### [ACTIVITY]
Excluding pictures, transcribe precisely the lines from the one containing "Fresh green lemon" to the final line of the listing below, inclusive, and nothing more.

### [SUPPLIED INFORMATION]
+++

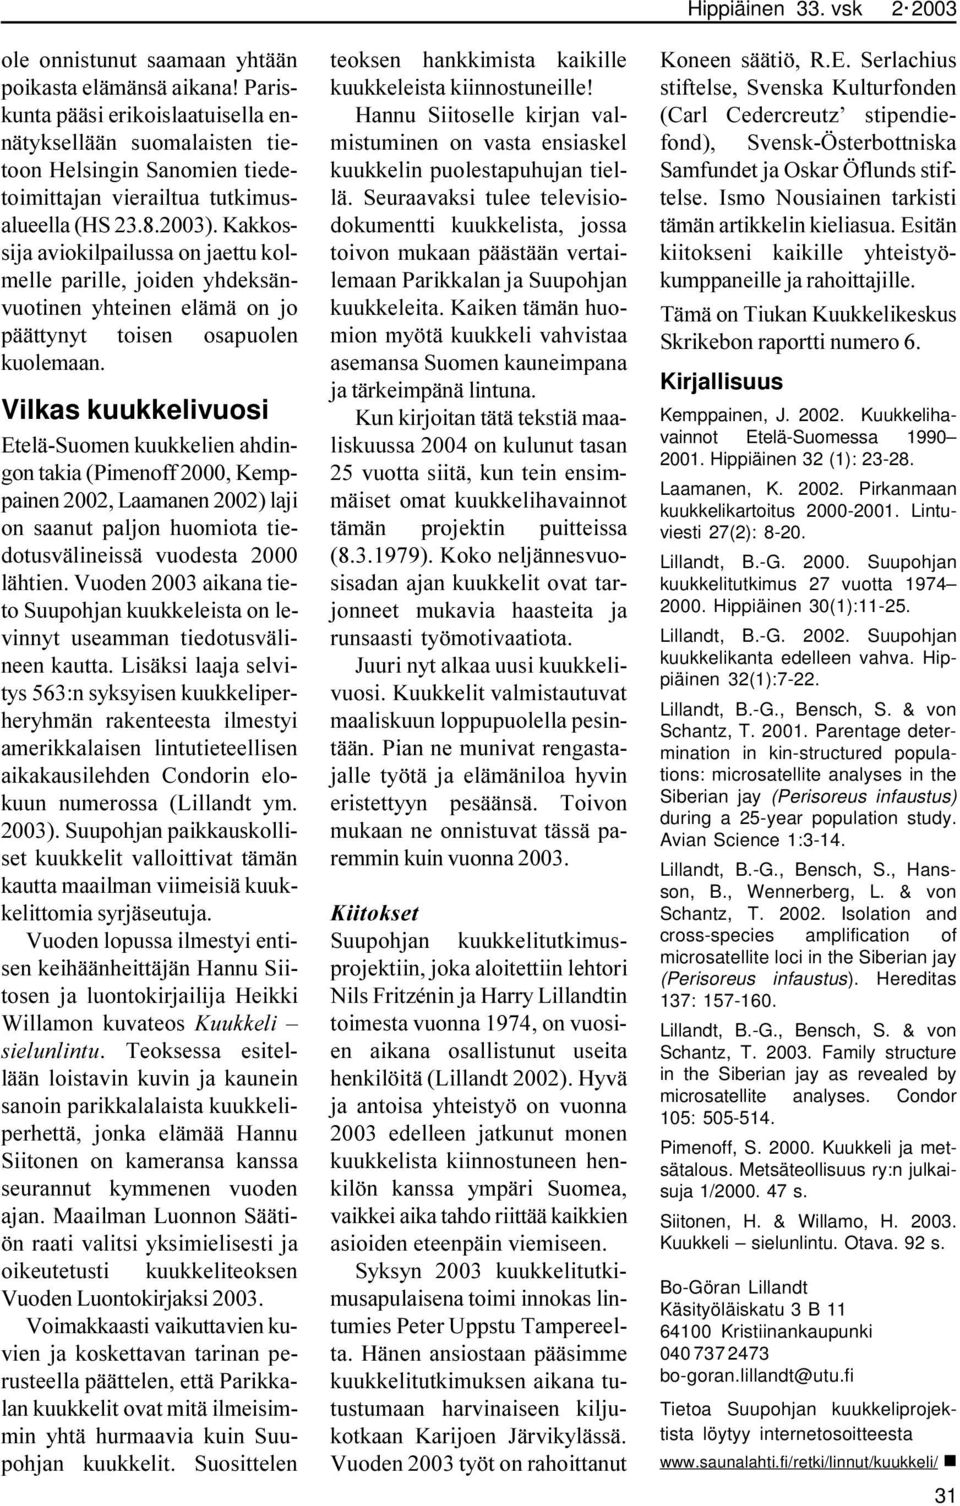 Vilkas kuukkelivuosi Etelä-Suomen kuukkelien ahdingon takia (Pimenoff 2000, Kemppainen 2002, Laamanen 2002) laji on saanut paljon huomiota tiedotusvälineissä vuodesta 2000 lähtien.
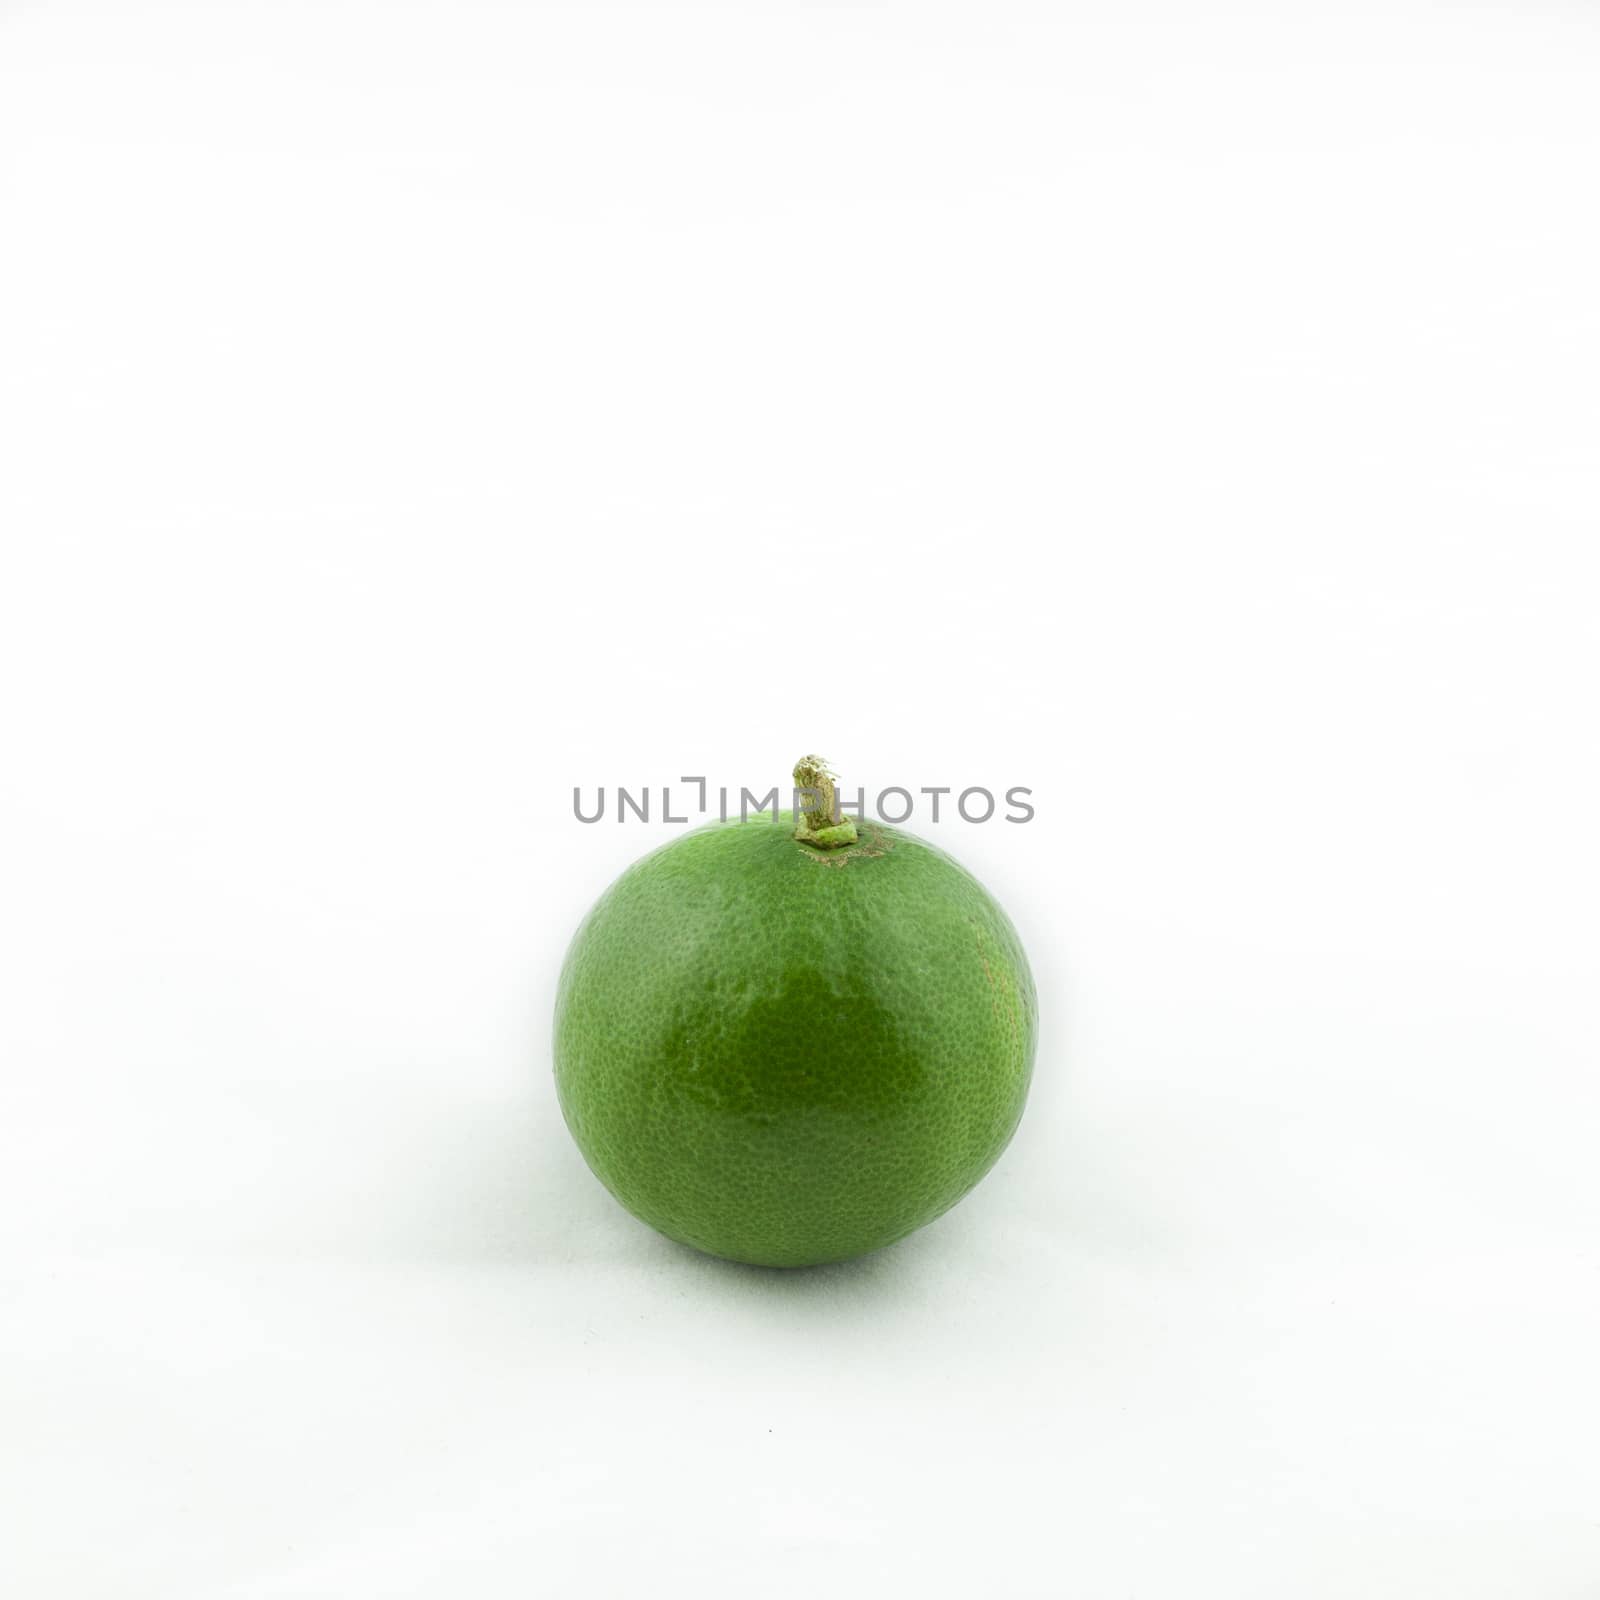 Fresh green lemon isolated on white background. Natural product. Sliced lemon.
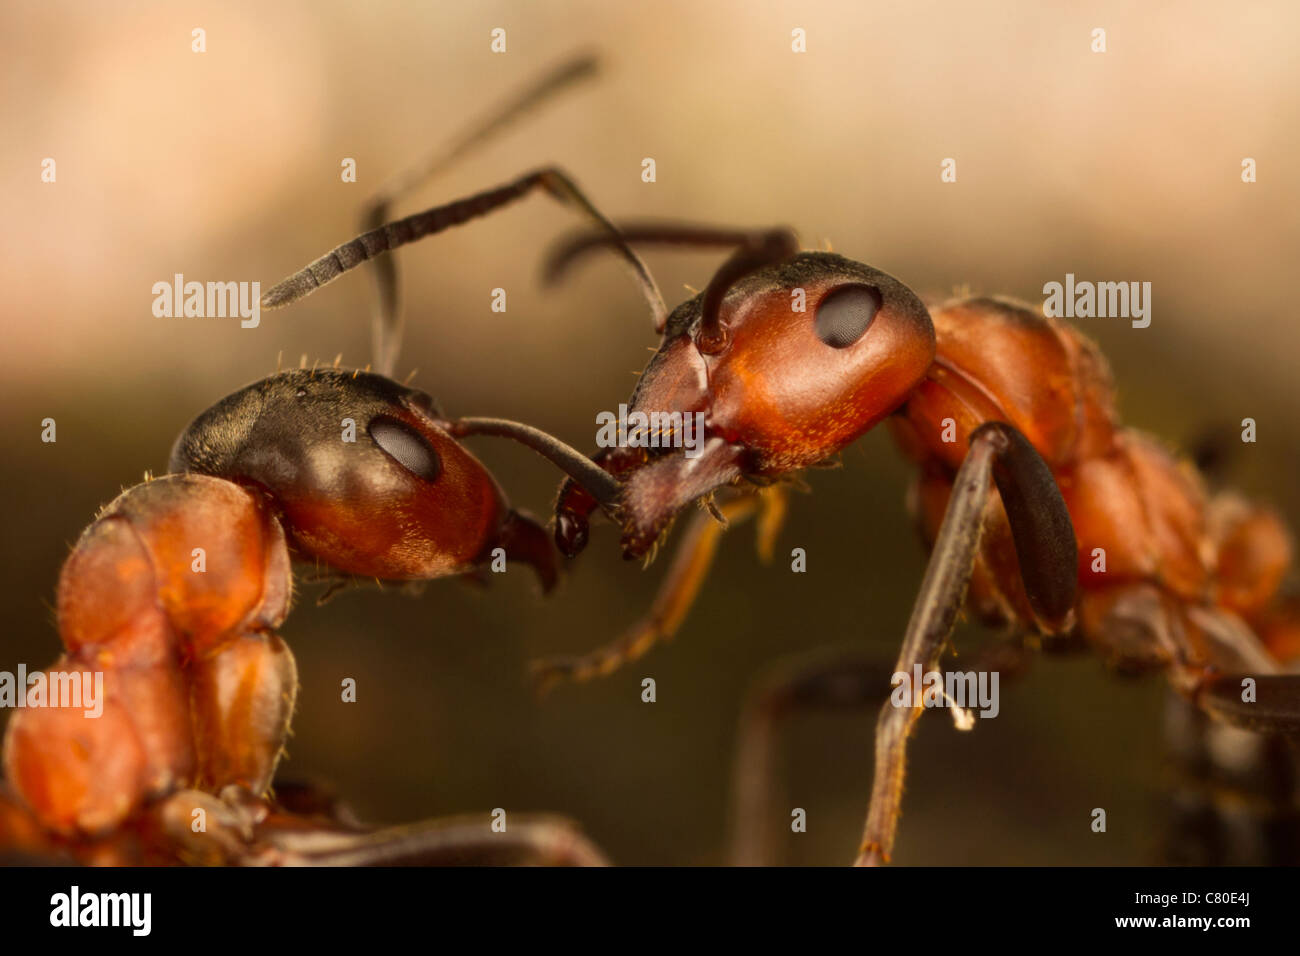 Ameisen (Formica Rufa) kommunizieren, ein bisschen, wenn sie sich treffen. Stockfoto

+++

### [ANSWER SECTION]
 Fresh green lemon isolated on white background. Natural product. Sliced lemon.
 Ameisen (Formica Rufa) kommunizieren, ein bisschen, wenn sie sich treffen. Stockfoto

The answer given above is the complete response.